The underlying disagreement between liberals and conservatives is this:
Liberals see the government as a benevolent place where we come together for the common good.
Conservatives see the government as the great malevolent squasher of individual freedoms and free markets.
If Hollywood is so liberal, why do they keep making films in which the government is a villain? The idea that the average private citizen is more capable of governing than the entirety of the Federal Government is (or was once) the core value of the Republican Party.
They may go on Obama’s jet and raise him some money, but the story that these Hollywood types are selling reinforces the narrative of his opponents.
Hollywood: secret conservative bastion?
The Sorkin quote is from “The Two Bartlets” in the third season: “Yeah, but a funny thing happened when the White House got demystified. The impression was left that anybody could do it.”
I agree whole hearty that a Senator seat should not be appointed to a guy who saves a bunch of Boy Scouts. The Governor of the State should reach out and find the most qualified person and let them buy the seat. You don’t have me on record actually selling the seat, do you? Good.
@DPSquared
Where did you find that? Josh enlisted my help looking for the quotation, and we were googling all last night!
The Overthinking It Army is truly mighty.
The article should have include man of the year!
@mcneil
You must realize that a sub group known as proggresives like micheal moore are pretty anti goverment as the way it is. Just look at how libreals hated the bush administration for enacting the Patriot Act and the Iraq war.

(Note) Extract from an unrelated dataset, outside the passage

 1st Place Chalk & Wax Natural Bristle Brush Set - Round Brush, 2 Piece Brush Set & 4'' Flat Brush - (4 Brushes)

I hope the election of obama will drive amercia away from its current anti platonism mindset.
McNeil, I see a slight contradiction in your example of Whitmore. He was elected on his status as a former soldier- not even a war hero or celebrity like Jackson, Grant, Eisenhower, etc. So yes, he’s an everyman, but what makes him less *politically* qualified pre-election than the real military presidents of our past? If the basis for saying he’s not qualified enough to be president is his lack of political experience, the same would have to be said about those real presidents, too- ones you brought up as exemplars.

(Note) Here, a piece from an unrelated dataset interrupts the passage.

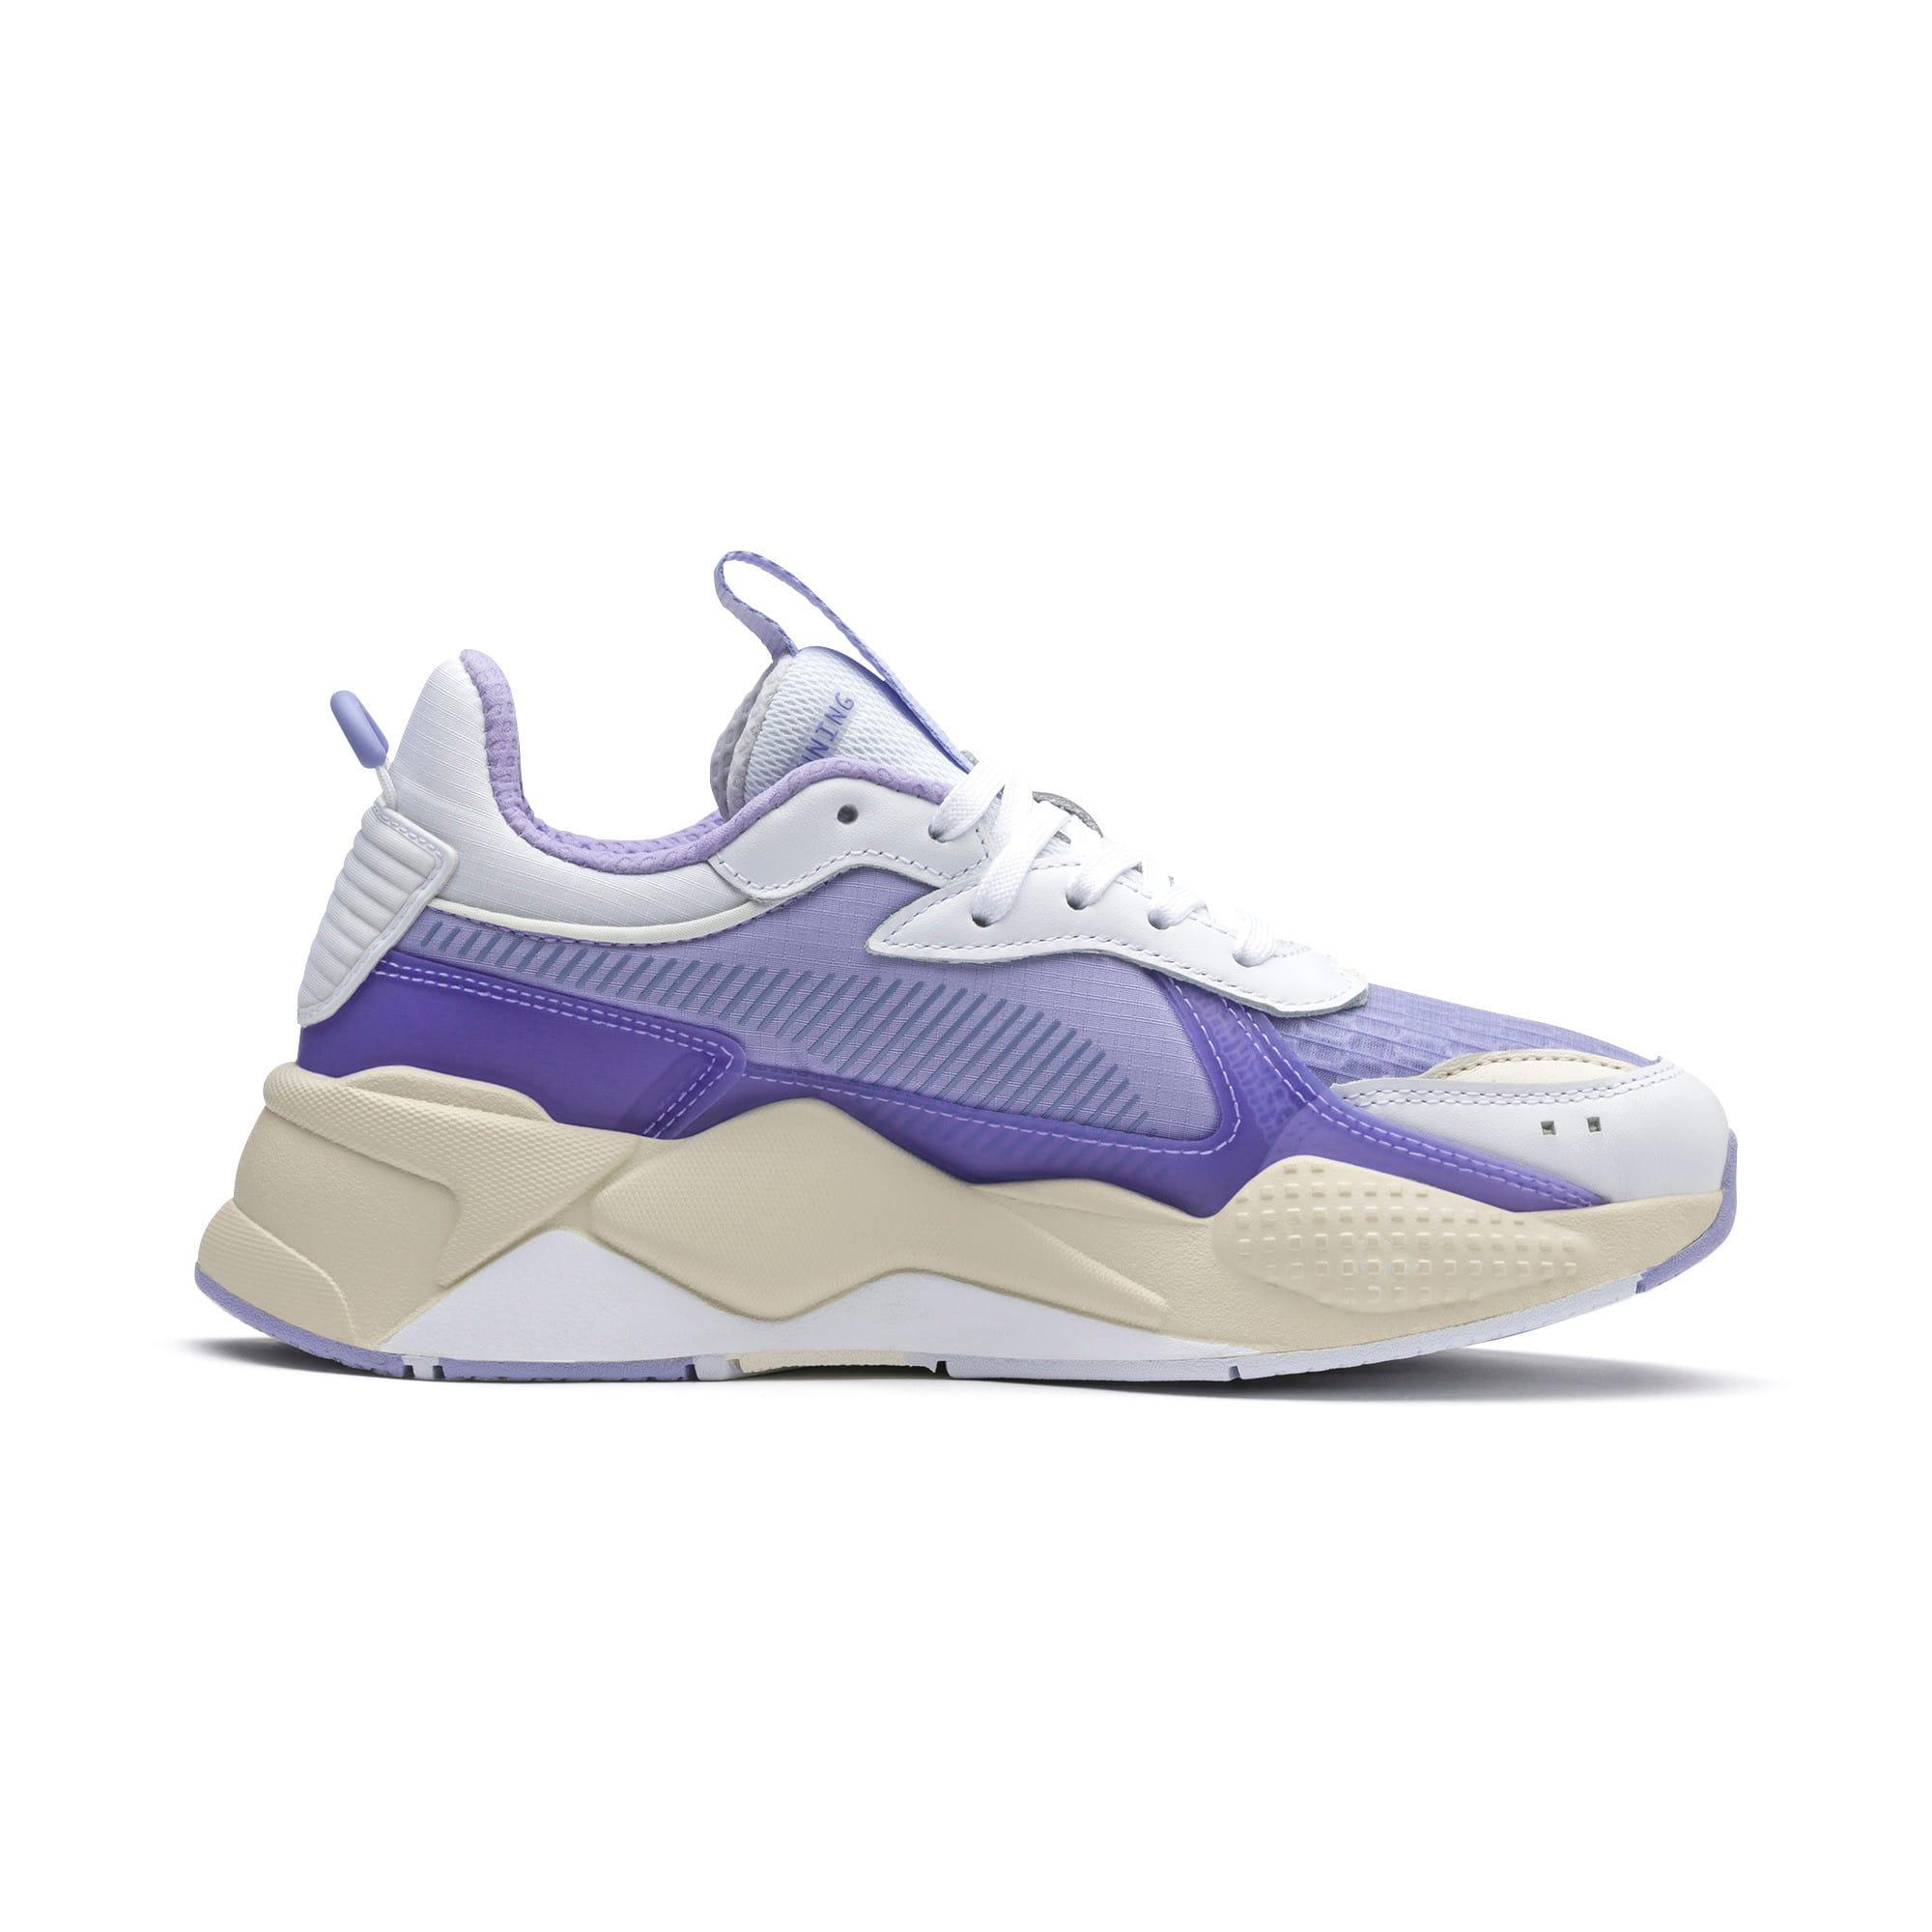 Thumbnail 5 of RS-X Tech Sneaker, Puma White-Sweet Lavender, medium

I’m not disagreeing with your idea, though. In fact, it’s something the FF’s thought of themselves, hence the implied meaning behind “man” (read: male, white, Protestant, wealthy, business- and/or land-owning) in the Bill of Rights and Constitution, and checks on the dumbassity of the masses (like the Electoral College).
I think it goes a bit deeper than that, even: also relevant here is the role of the “noble idiot” across the board as a folk hero in American cinema and other narrative formats, as well as Americans’ seeming preference for “aw shucks” folk heroes rather than competent people as role models and leaders. See, for example, Being There, Forrest Gump, and All I Really Need to Know I Learned in Kindergarten. (Thought: does this mean that the lack of credit counseling and education in early school settings is the true culprit of the sub-prime mortgage crisis? Because I remember being told VERY little about how to avoid variable rate mortgages at five.) It’s as though Thoreau’s “simplify, simplify” has transmogrified into didacticism for dumbassery, when in fact, there’s a huge difference between living simply and being, well, simple.

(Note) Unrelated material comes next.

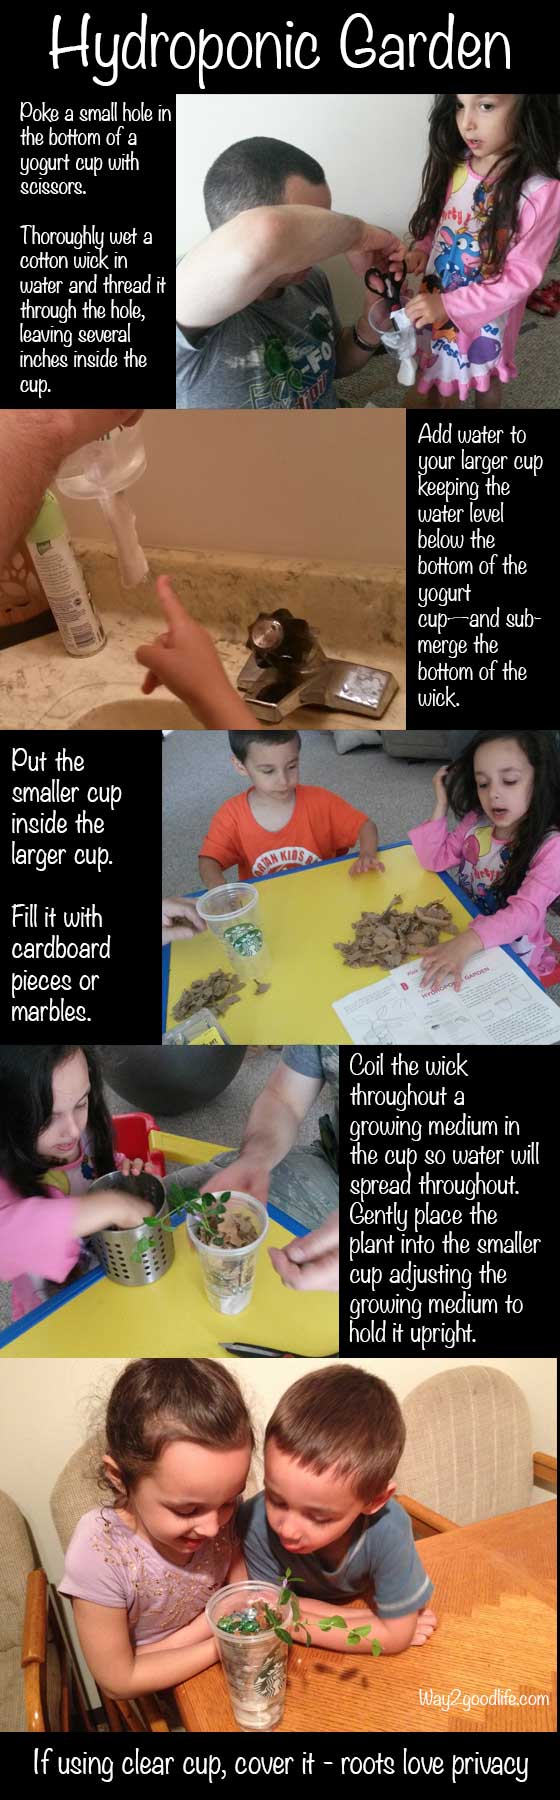 hydroponics-wick-system-children

I think as a nation we want to be able to say “He’s got character and personality, and that’s what counts!” when that’s not what counts at all. Or, at least it’s only a bit of what counts. What counts much more in making people good at things is training, ability, judgment, and the skill and knowledge to think critically and intelligently about cause and effect, past and present. If you actually think that “Life is like a box of chocolates: you never know what you’re gonna get,” and you’re sitting in, say, the Oval Office trying to decide, say, how or whether to avert a war or other disastrous outcome, this is a huge problem: in government and diplomacy, it’s a really, really bad idea for the sum of your existential and moral perspective be tantamount a giant ellipsis. But again and again, the narrative/cinematic hero is a charming, aphoristic dolt and people love to superimpose this “ideal” on government.